🤖 AI Summary
This work addresses the degradation in image quality of low-dose PET scans caused by reduced radiation exposure or shortened acquisition time, as well as the challenges of structural-textural inconsistency and domain shift in multimodal fusion. To tackle these issues, the authors propose MFdiff, a supervised auxiliary multimodal fusion diffusion model. MFdiff incorporates a dedicated multimodal feature fusion module and employs a two-stage supervised learning strategy: it first pretrains using simulated in-domain priors and then fine-tunes with real-world out-of-distribution data to capture task-specific priors, thereby mitigating interference from redundant anatomical information. Experimental results demonstrate that MFdiff consistently outperforms existing methods in both qualitative and quantitative evaluations, achieving substantial improvements in reconstructing standard-dose PET images from low-dose inputs.
📝 Abstract
Positron emission tomography (PET) offers powerful functional imaging but involves radiation exposure.
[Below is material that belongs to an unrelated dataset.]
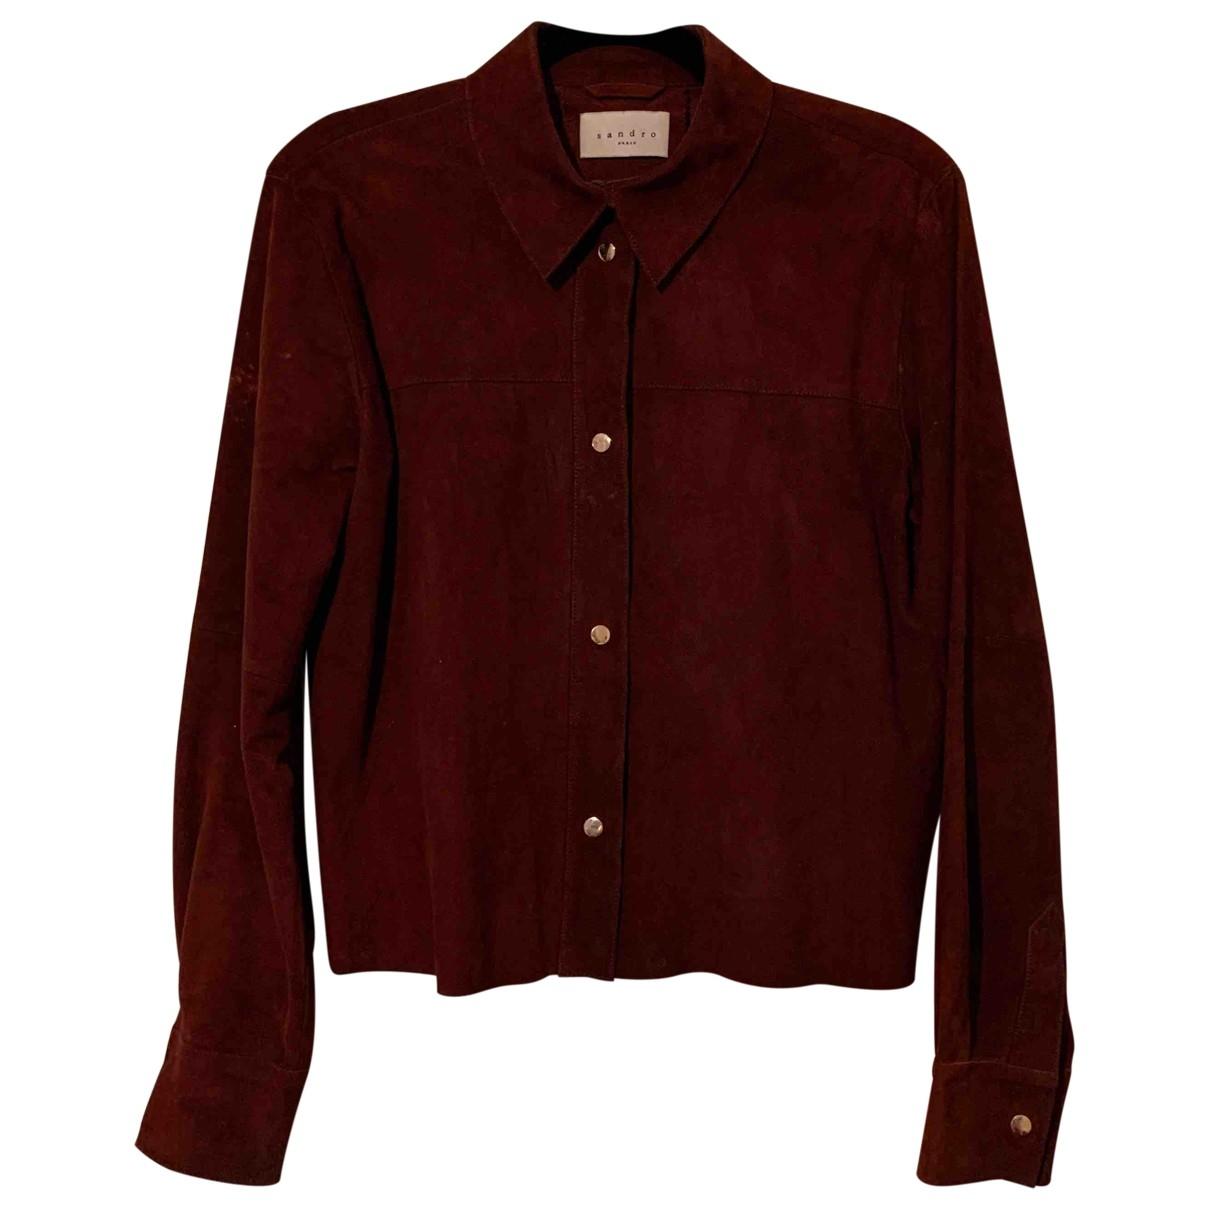 Sandro \N Burgundy Suede jacket for Women 8 UK

Efforts to reduce this exposure by lowering the radiotracer dose or scan time can degrade image quality. While using magnetic resonance (MR) images with clearer anatomical information to restore standard-dose PET (SPET) from low-dose PET (LPET) is a promising approach, it faces challenges with the inconsistencies in the structure and texture of multi-modality fusion, as well as the mismatch in out-of-distribution (OOD) data. In this paper, we propose a supervise-assisted multi-modality fusion diffusion model (MFdiff) for addressing these challenges for high-quality PET restoration. Firstly, to fully utilize auxiliary MR images without introducing extraneous details in the restored image, a multi-modality feature fusion module is designed to learn an optimized fusion feature. Secondly, using the fusion feature as an additional condition, high-quality SPET images are iteratively generated based on the diffusion model. Furthermore, we introduce a two-stage supervise-assisted learning strategy that harnesses both generalized priors from simulated in-distribution datasets and specific priors tailored to in-vivo OOD data. Experiments demonstrate that the proposed MFdiff effectively restores high-quality SPET images from multi-modality inputs and outperforms state-of-the-art methods both qualitatively and quantitatively.